Information supplied >>

Segment Open

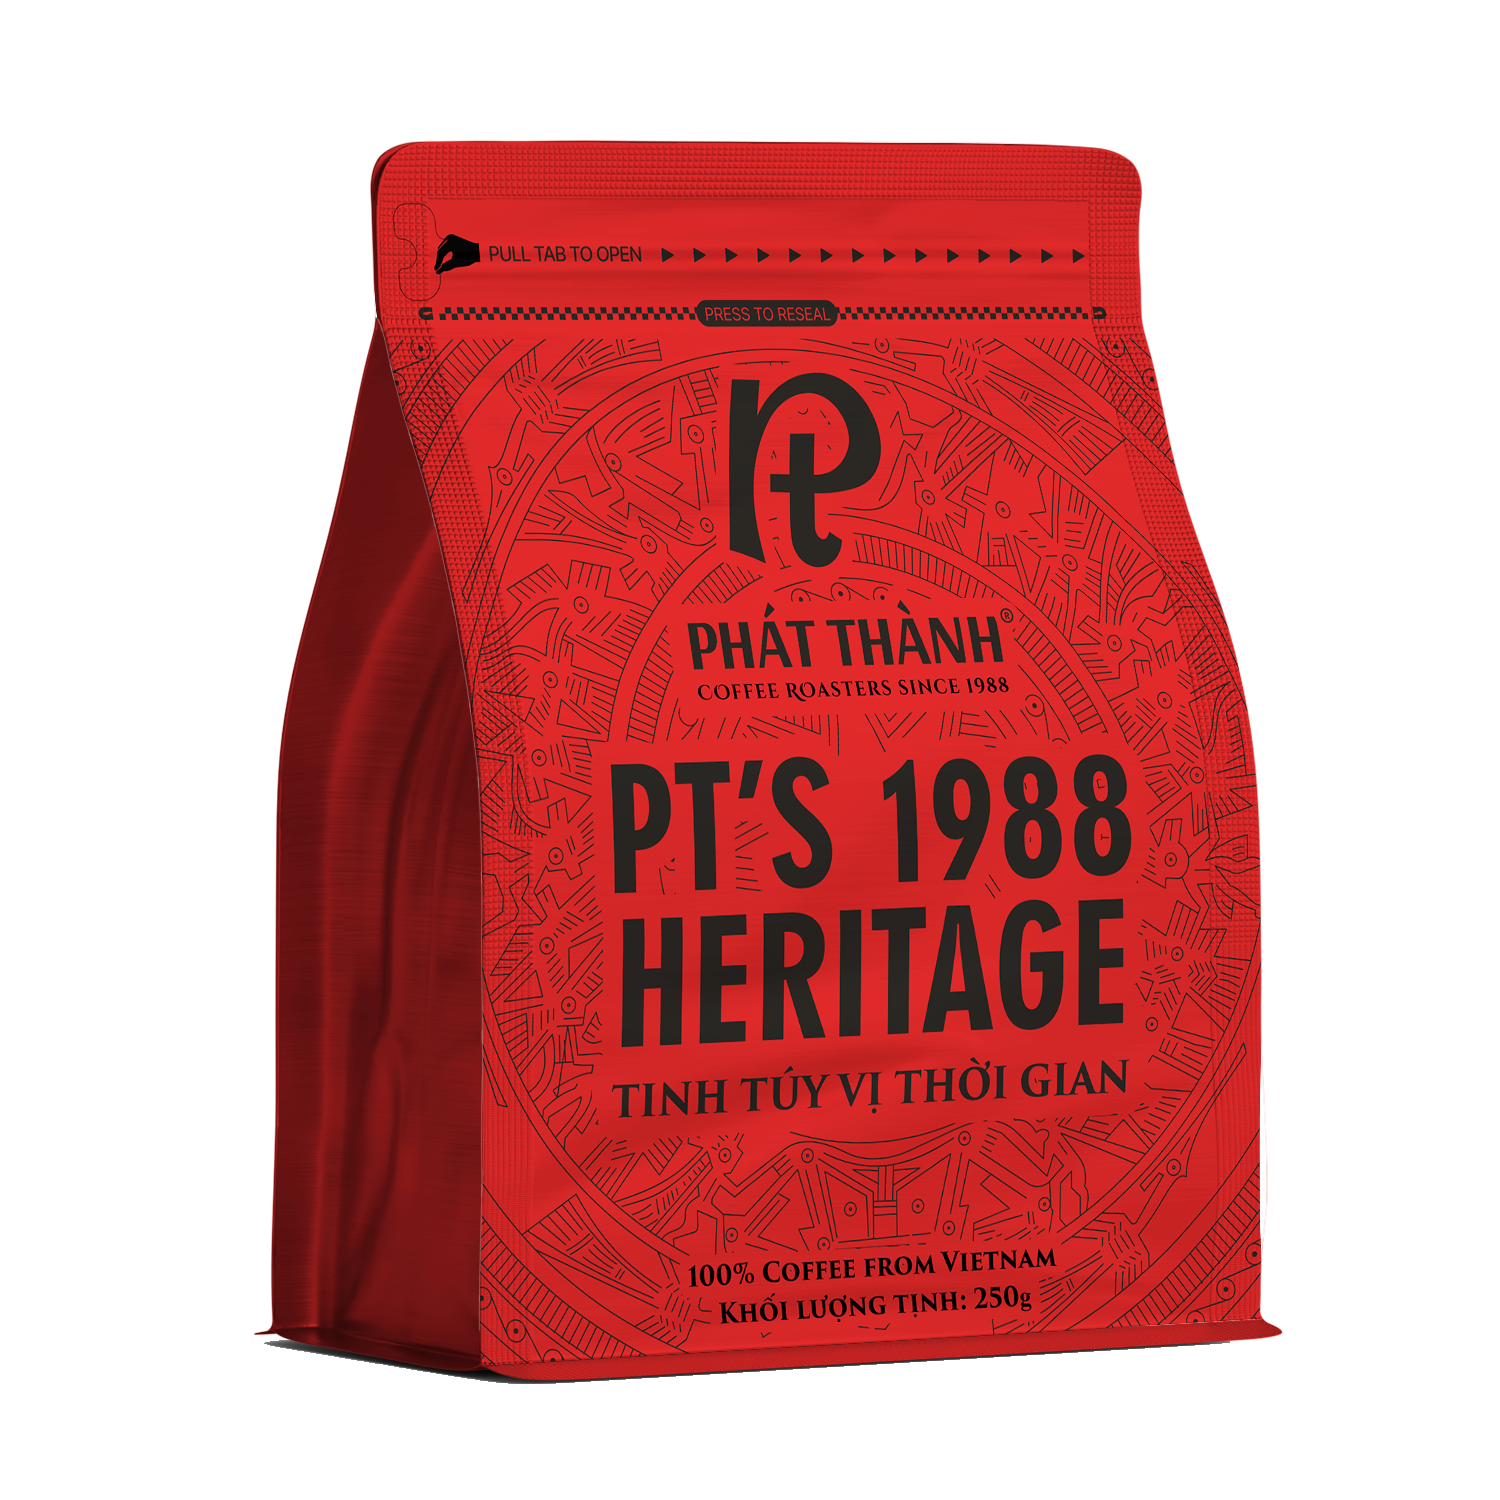 PT's 1988 Heritage PC3
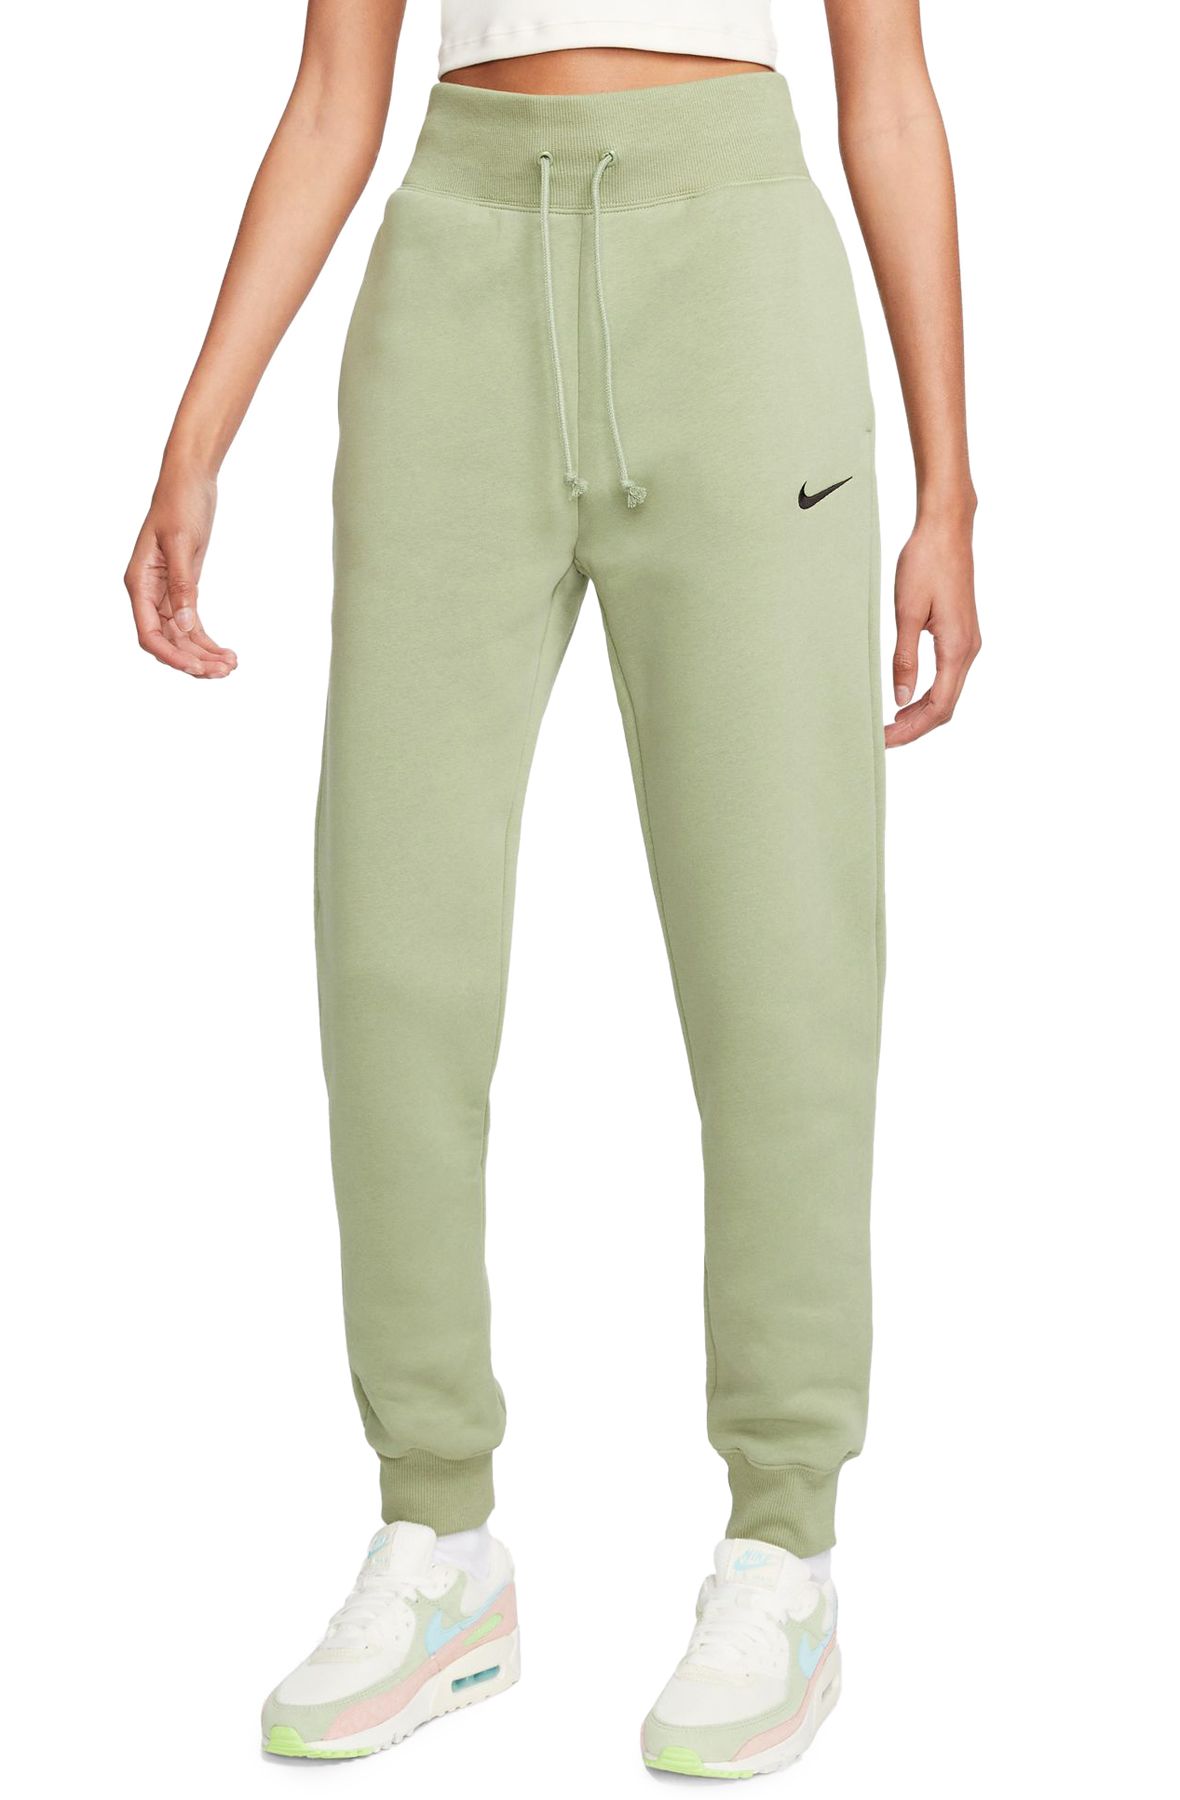 Nike Women's Sportswear Phoenix Fleece High-Waisted Joggers Grey Size M 
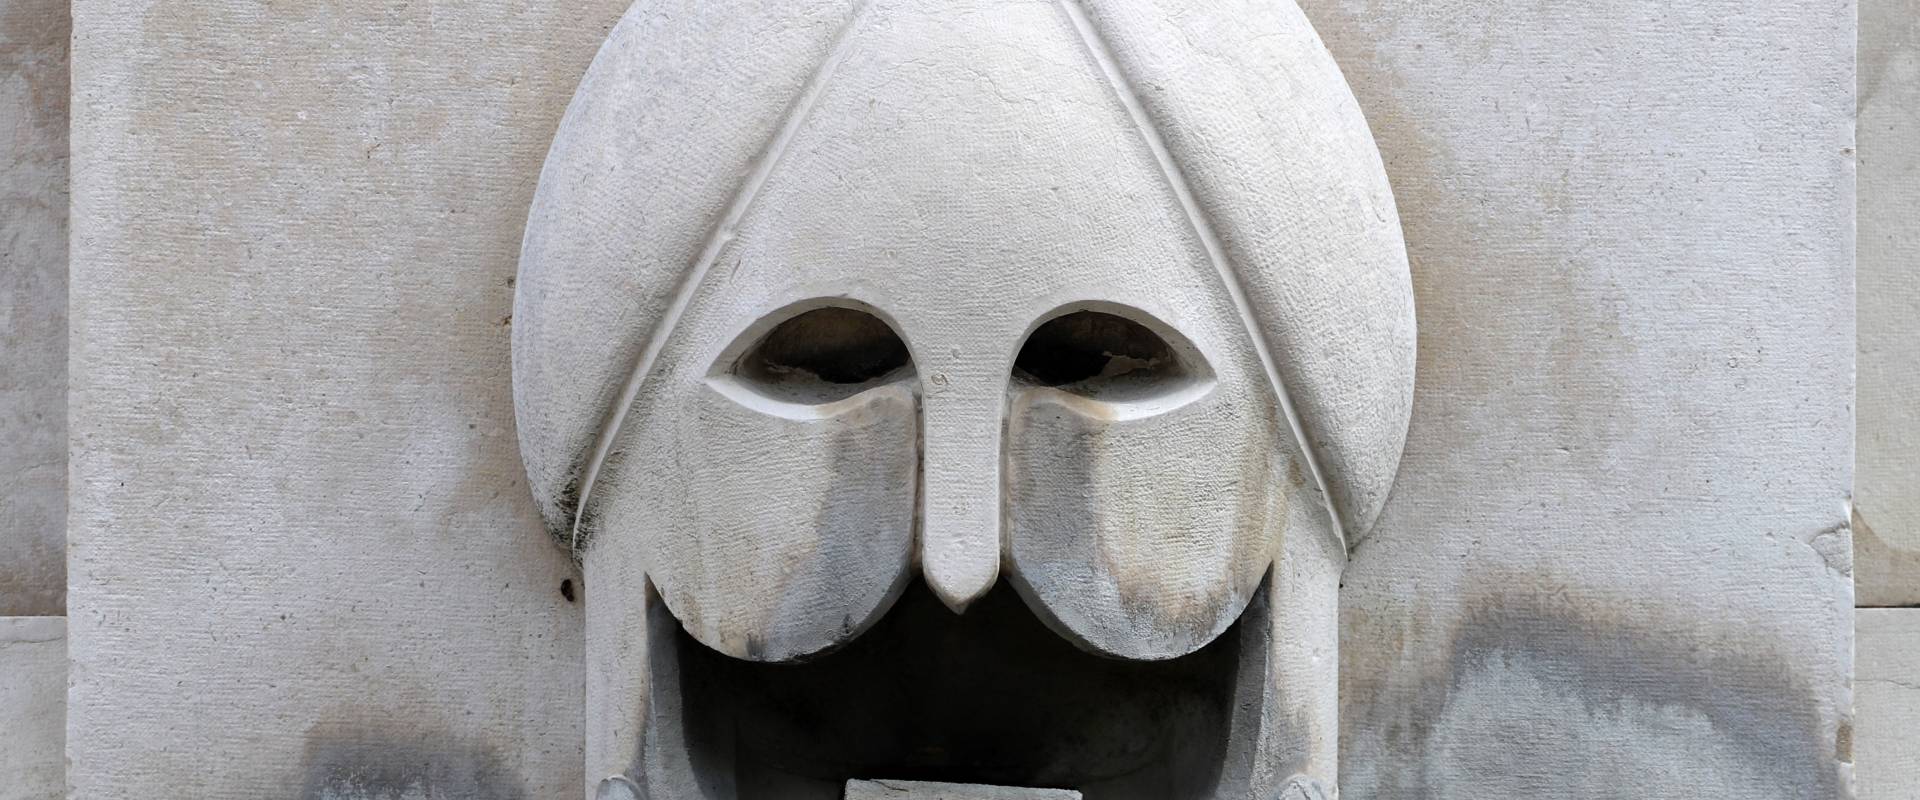 Cesare bazzani, munumento alla vittoria (o ai caduti) di forlì, 1932, fontane laterali con mascheroni 02 foto di Sailko
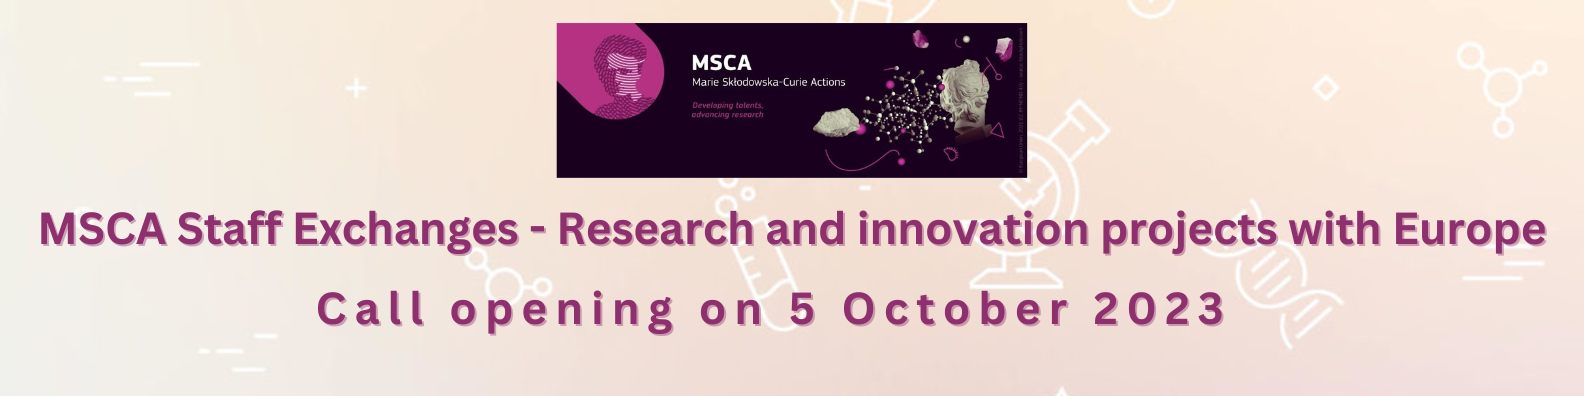 MSCA SE 23 web banner

Segment Closed

Instructions to follow >> Retype each line of the listing above word for word. Exclude the pictures.

Answer section >>
 PT's 1988 Heritage PC3
 Nike Women's Sportswear Phoenix Fleece High-Waisted Joggers Grey Size M 
 Cesare bazzani, munumento alla vittoria (o ai caduti) di forlì, 1932, fontane laterali con mascheroni 02 foto di Sailko
 MSCA SE 23 web banner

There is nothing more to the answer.